** STUDY MATERIAL follows **
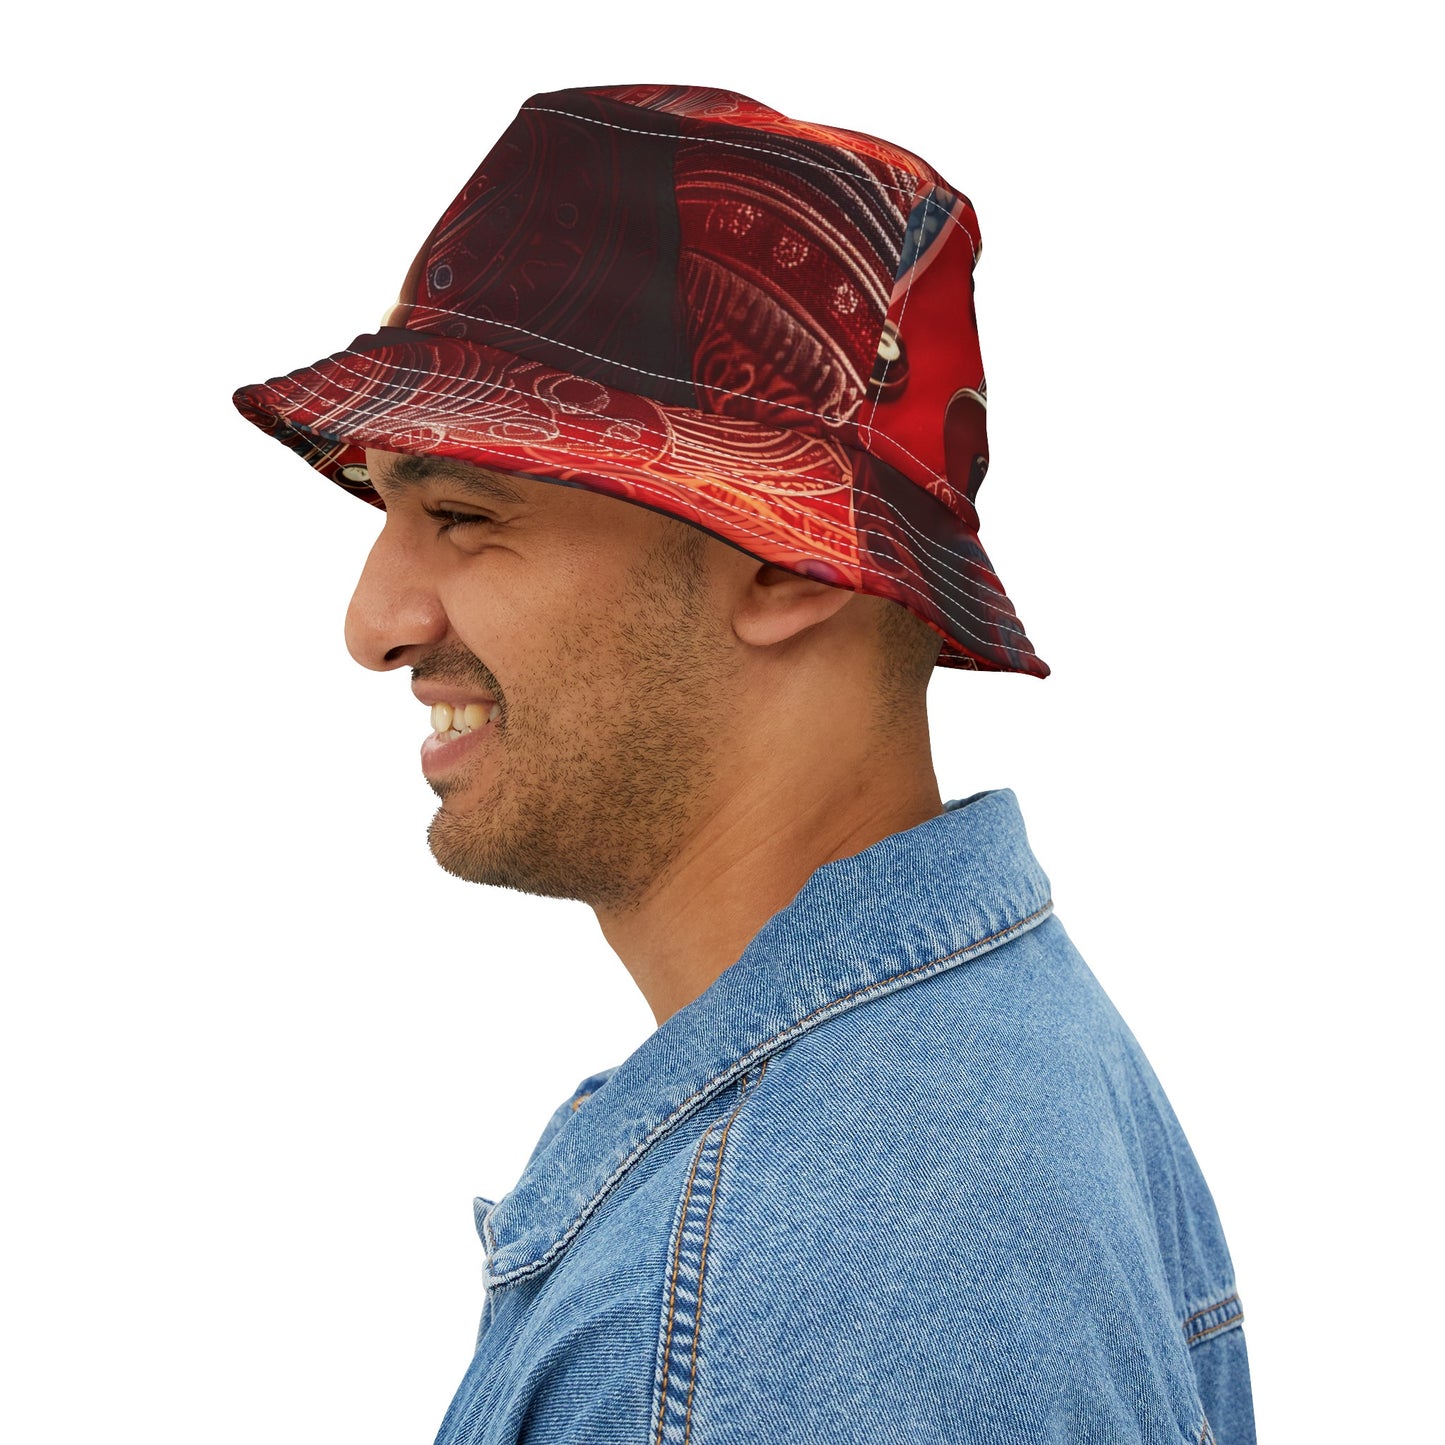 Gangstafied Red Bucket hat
** End of STUDY MATERIAL **
** STUDY MATERIAL follows **
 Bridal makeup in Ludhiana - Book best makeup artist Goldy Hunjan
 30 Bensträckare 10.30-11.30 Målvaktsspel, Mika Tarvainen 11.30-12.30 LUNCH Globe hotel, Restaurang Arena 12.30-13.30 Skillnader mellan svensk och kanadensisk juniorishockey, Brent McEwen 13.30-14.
** End of STUDY MATERIAL **
=== WHAT YOU HAVE TO DO ===
Could you set down, word for word, only the lines above from the line with "Bridal makeup in" to the line with "30 Bensträckare 10.30-11.30", including both?

=== SOLUTION TO THIS TASK ===
 Bridal makeup in Ludhiana - Book best makeup artist Goldy Hunjan
 30 Bensträckare 10.30-11.30 Målvaktsspel, Mika Tarvainen 11.30-12.30 LUNCH Globe hotel, Restaurang Arena 12.30-13.30 Skillnader mellan svensk och kanadensisk juniorishockey, Brent McEwen 13.30-14.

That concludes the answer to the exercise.